Merge this ‘sp’ interval into the ‘s’ it belongs to

Adjust the boundary so that the highlighted ‘sp’ interval doesn’t include any fricative. (Then delete the following ‘sp’ that cuts off part of the SH. Sometimes you’ll get more than one sp in an utterance.)

  • It may also be the case that the participant was still talking when they pressed the next button, or that they repeated the last prompt after hitting next. The autosegmentation is likely to treat all or part of this as the next prompt. Highlight the affected section and remove the text, using editor_align.
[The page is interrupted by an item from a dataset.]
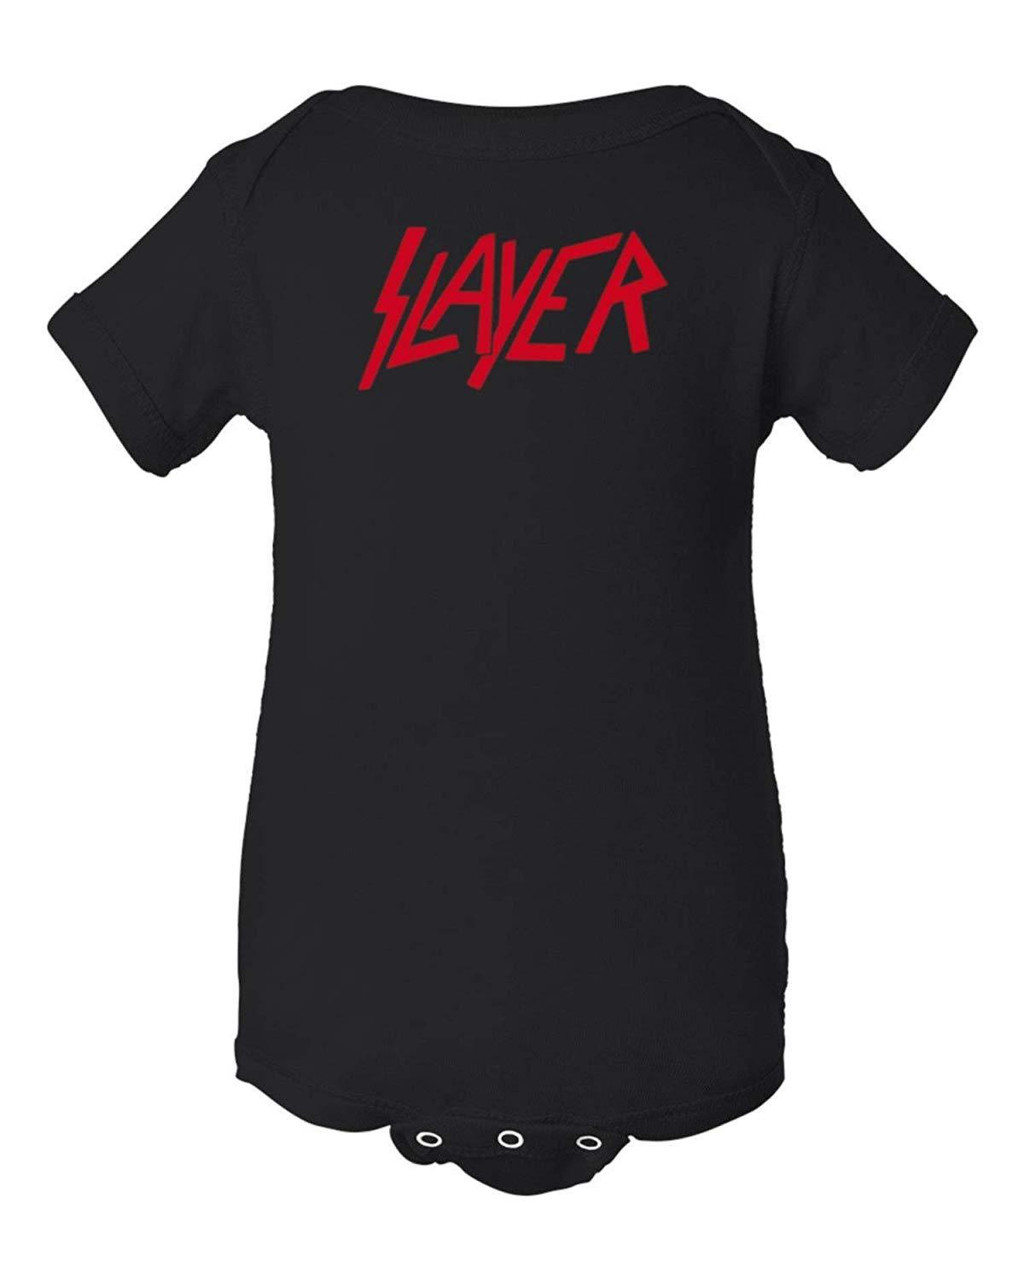 Slayer Thrash Speed Metal Rock & Roll Black Bodysuit Infant Baby Clothes

If the entire utterance was mislabeled, copy the prompt from the 3rd tier, and paste it into the 2nd tier and resegment using editor_align.
  • Helpful hints for correcting TextGrids:
    — Pay special attention to the prompts with warnings or prompts that overlap with the last part of a trial.
    — If the target doesn’t match the target prompt given, correct it to reflect the actual production.
    — Make comments in warning tier if anything is really weird, for example, if prompts don’t match the utterance that the participant produced.
    — Save often. Praat likes to crash when you’re almost finished, so don’t let it take 3 hours’ work with it.

Some correct segmentation guidelines (see https://phon.wordpress.ncsu.edu/lab-manual/project-protocols/hand-correction-of-forced-aligned-files/ for more detailed descriptions of other types of segmentation

    • The beginning of sibilants should start where the waveform starts to look fuzzy (i.e., turbulent)

Move the boundary for the phone (as well as the word, if applicable) to the onset of sibilance

    • After stops or fricatives, the following vowel or approximant should be delinated as the onset of voicing, at the first glottal pulse.

Voice onset time is when the vocal folds begin vibrating, shown by the periodic (regularly repeating) nature of the waveform

;nbsp

After the TextGrid has been corrected, start processing video and ultrasound. (We can do a lot of textgrids in a batch and then add the video after.)

    • Copy output files from tier 3 onto Z:/phon/data_upload/ (I”M NOT SURE ABOUT THIS AND THE NEXT COUPLE STEPS BECAUSE IT SEEMS GARBLED)
    • Using cox-515-1, open up the Y:\ (PHON) drive and run the archive extractor (this takes a few hours)
    • Move the directory containing all the files into the directory where you will work with the data
    • After the extraction is complete, check to see if the the size of the wav file in bytes divided by 1470 is similar to the number of us images, and also to the number of video images, which you can check like this if you are in the /phon/cr directory:
      cd /phon/cr
      ls cr01/us_capture/ | grep -c bmp
      ls cr01/video_capture/ | grep -c bmp
      ls -l cr01/audio_capture
    • If they don’t add up, alert Jeff.

Check for audio gaps

Sometimes the audio will have missing frames. We still don’t understand exactly why, but if there is a gap, it will cause any audio and articulatory data after the time of the gap to be misaligned. Before moving on to PCA or any further steps, we need to make sure there are no gaps, or if there are, find out when they occurred so that we can add extra time to the audio and textgrid.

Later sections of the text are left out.